• _REQUIRED WORK_
Please print exactly the lines from the line containing "Nike SB Icon" through the end of the data, no more, and keep pictures out of the copy.

• _DATA SHOWN_
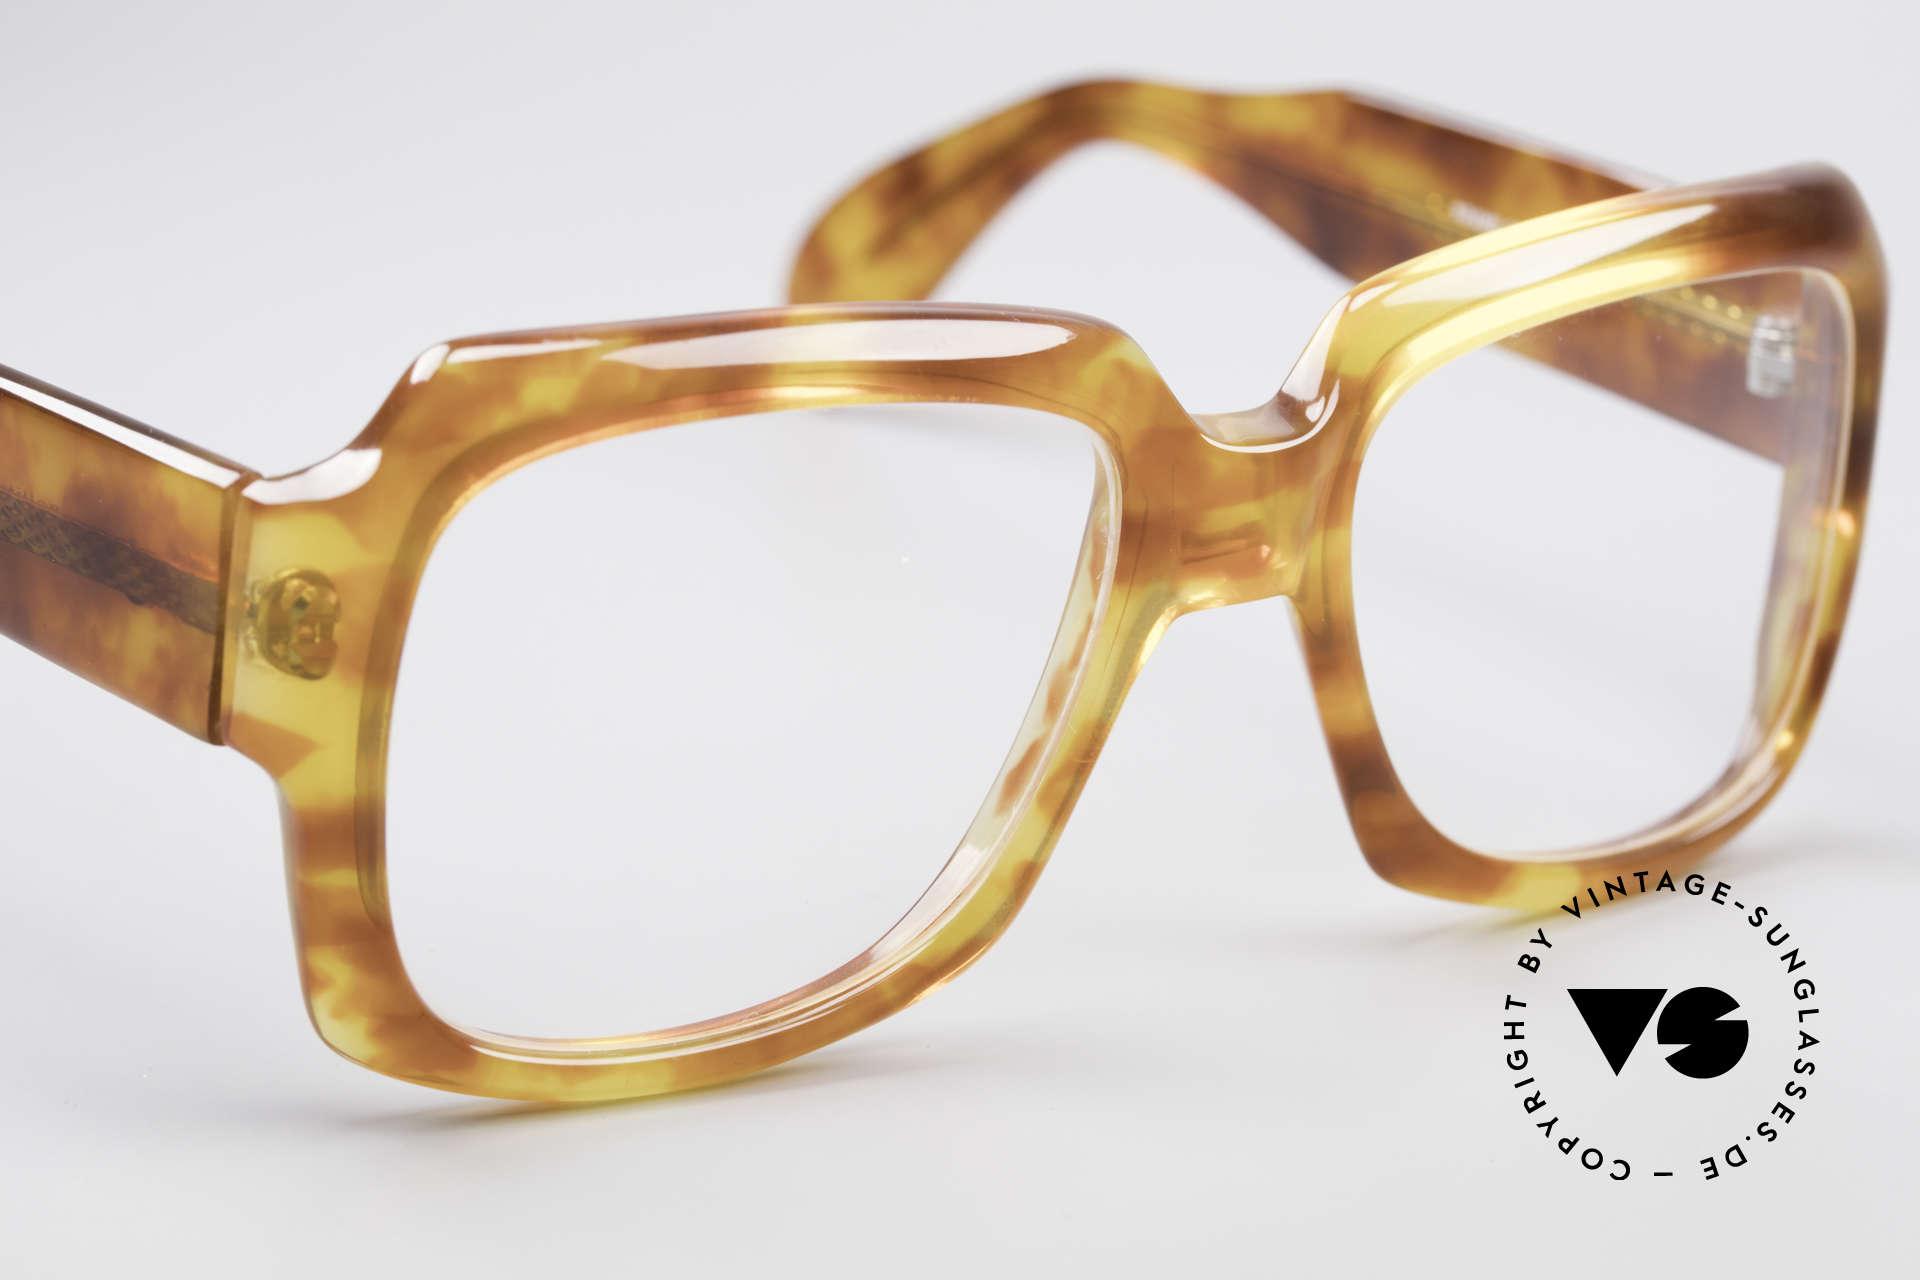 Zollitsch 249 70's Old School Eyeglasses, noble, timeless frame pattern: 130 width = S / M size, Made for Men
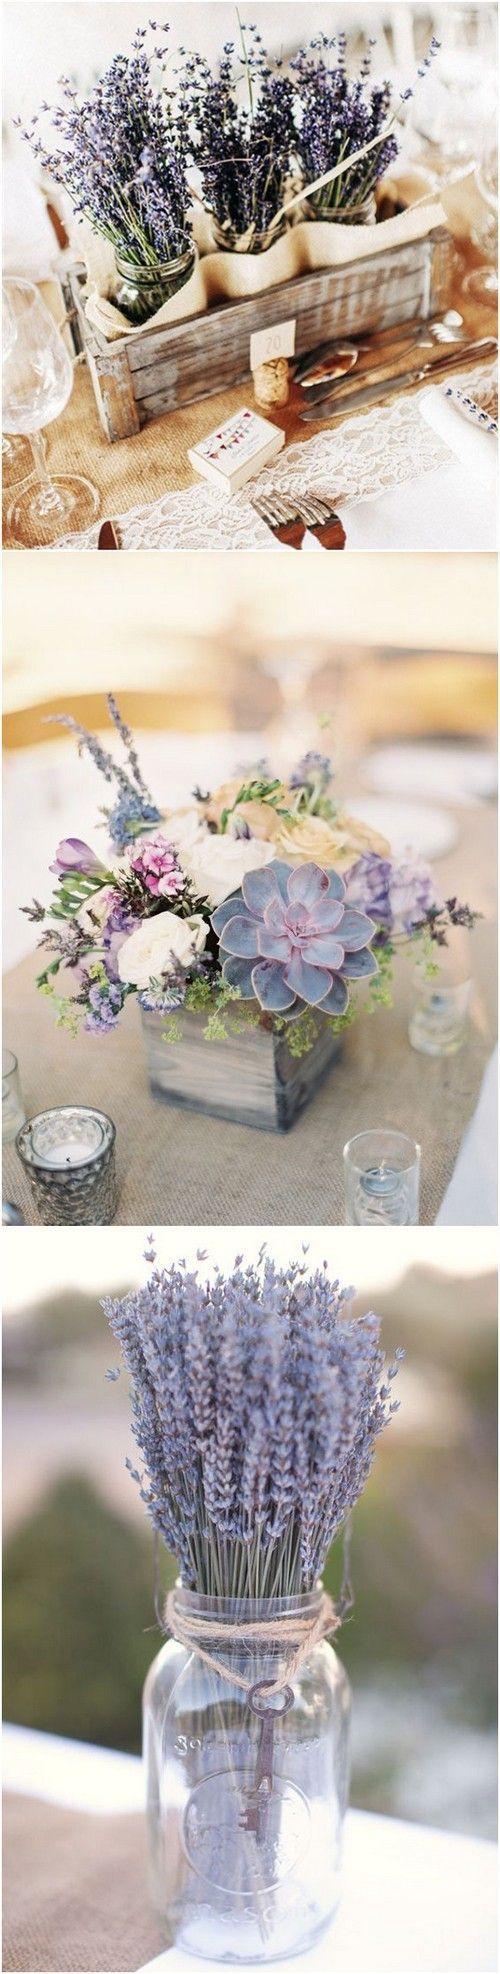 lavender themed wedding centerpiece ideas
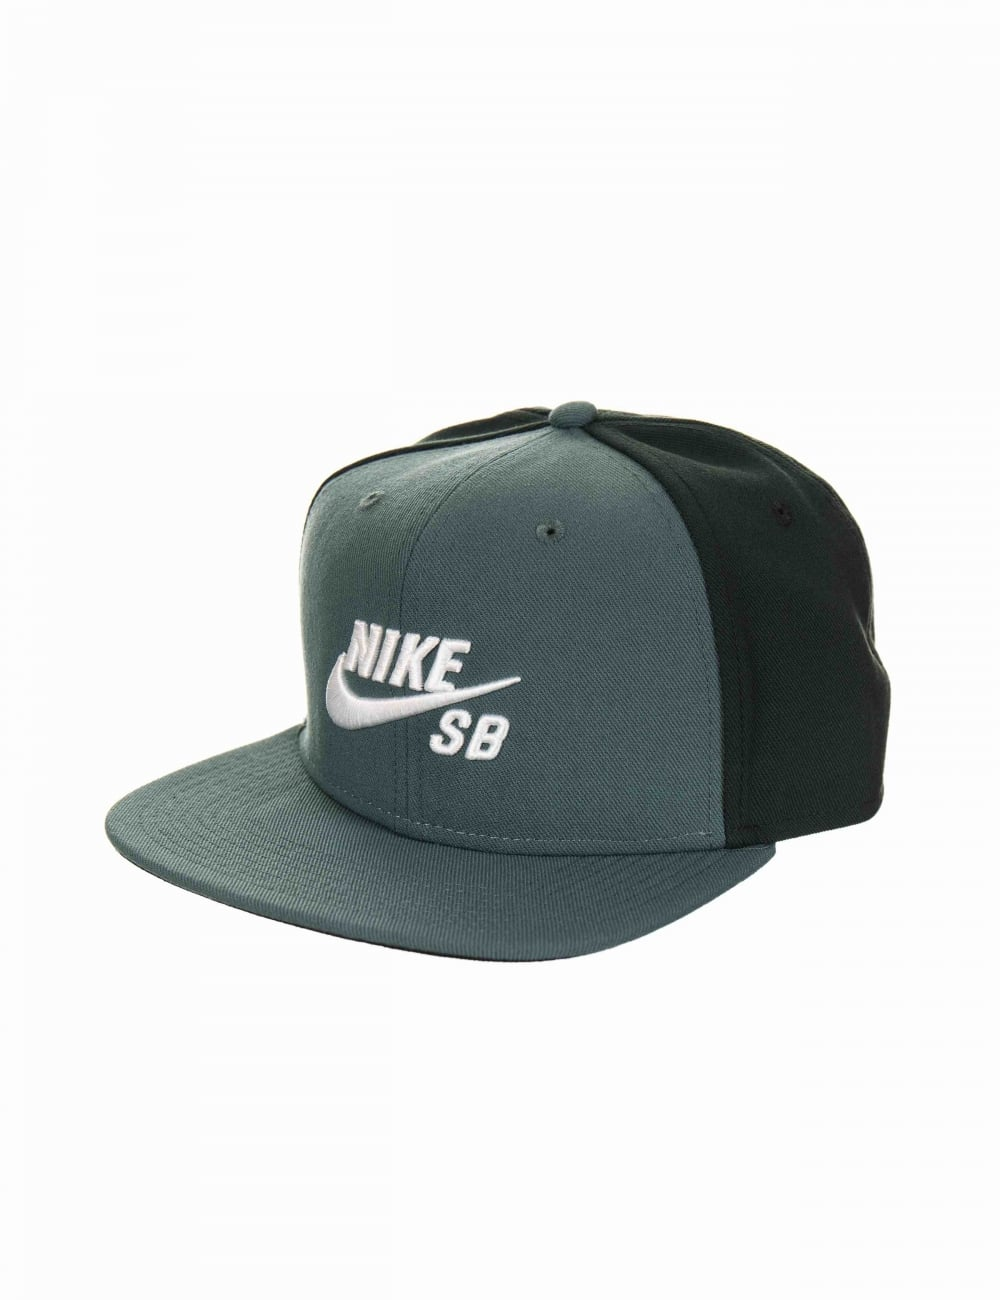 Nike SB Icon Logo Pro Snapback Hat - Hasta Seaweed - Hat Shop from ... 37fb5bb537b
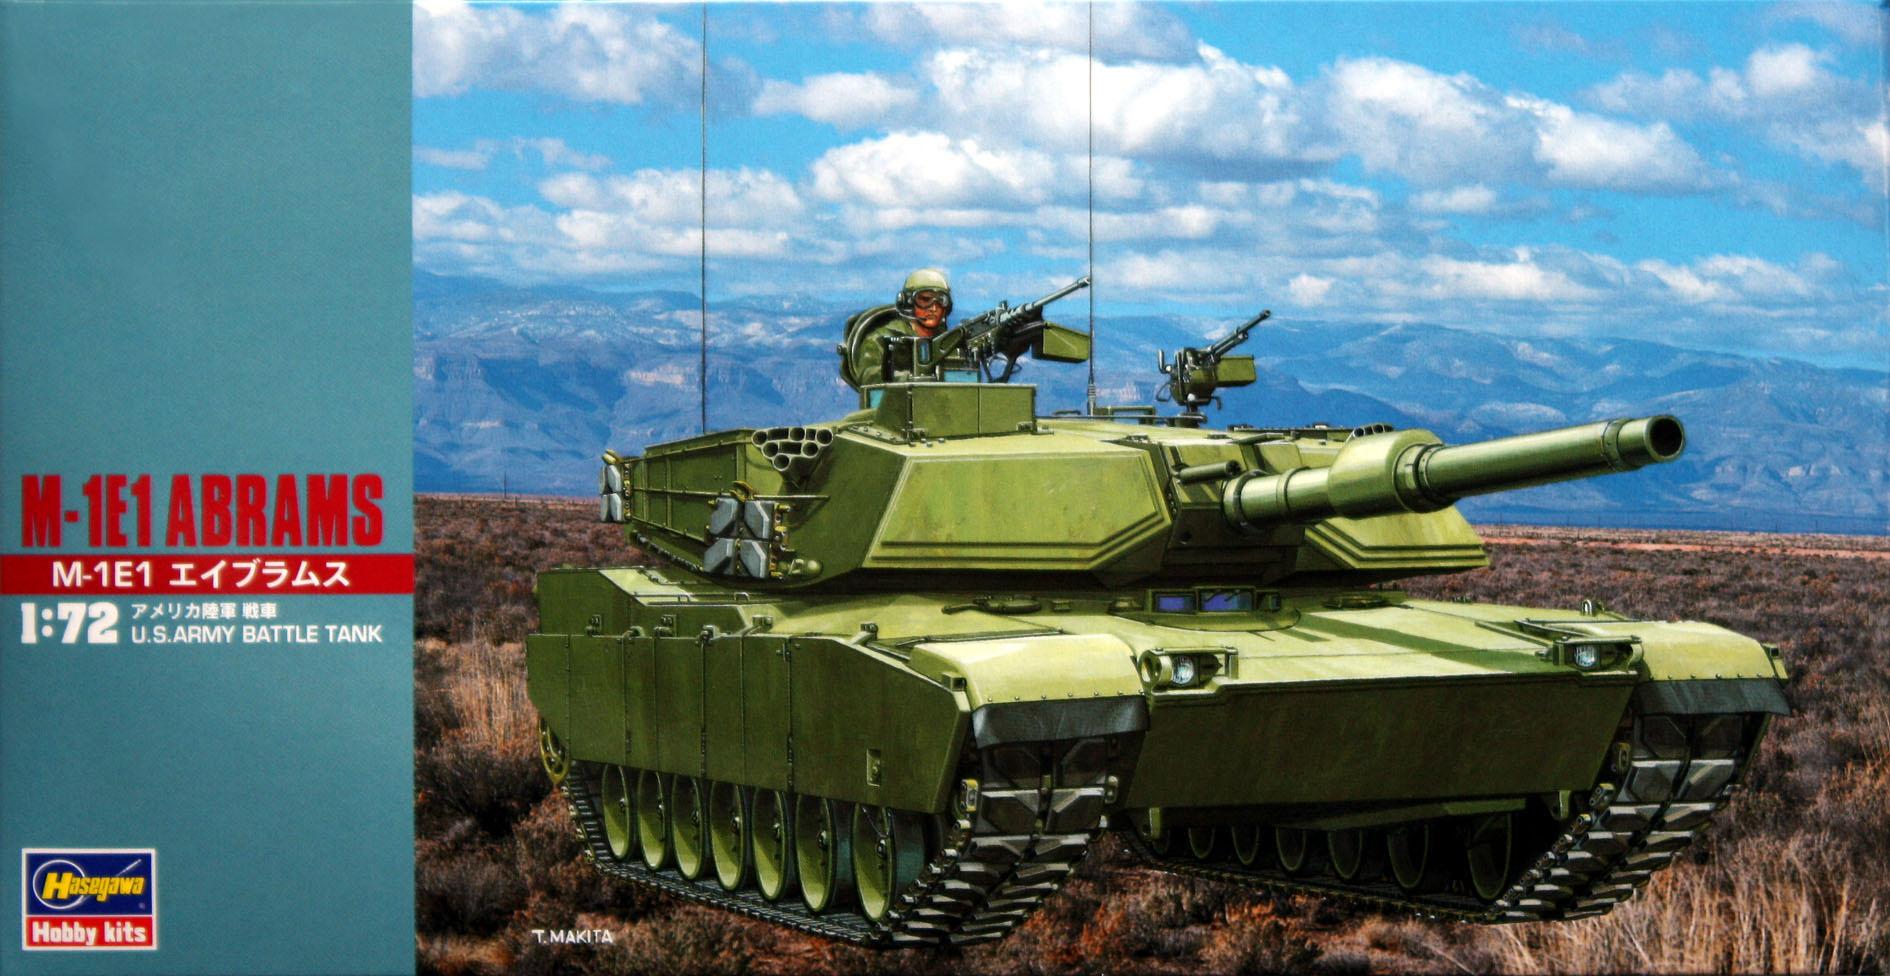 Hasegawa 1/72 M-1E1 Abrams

• _TASK OUTPUT_
 Nike SB Icon Logo Pro Snapback Hat - Hasta Seaweed - Hat Shop from ... 37fb5bb537b
 Hasegawa 1/72 M-1E1 Abrams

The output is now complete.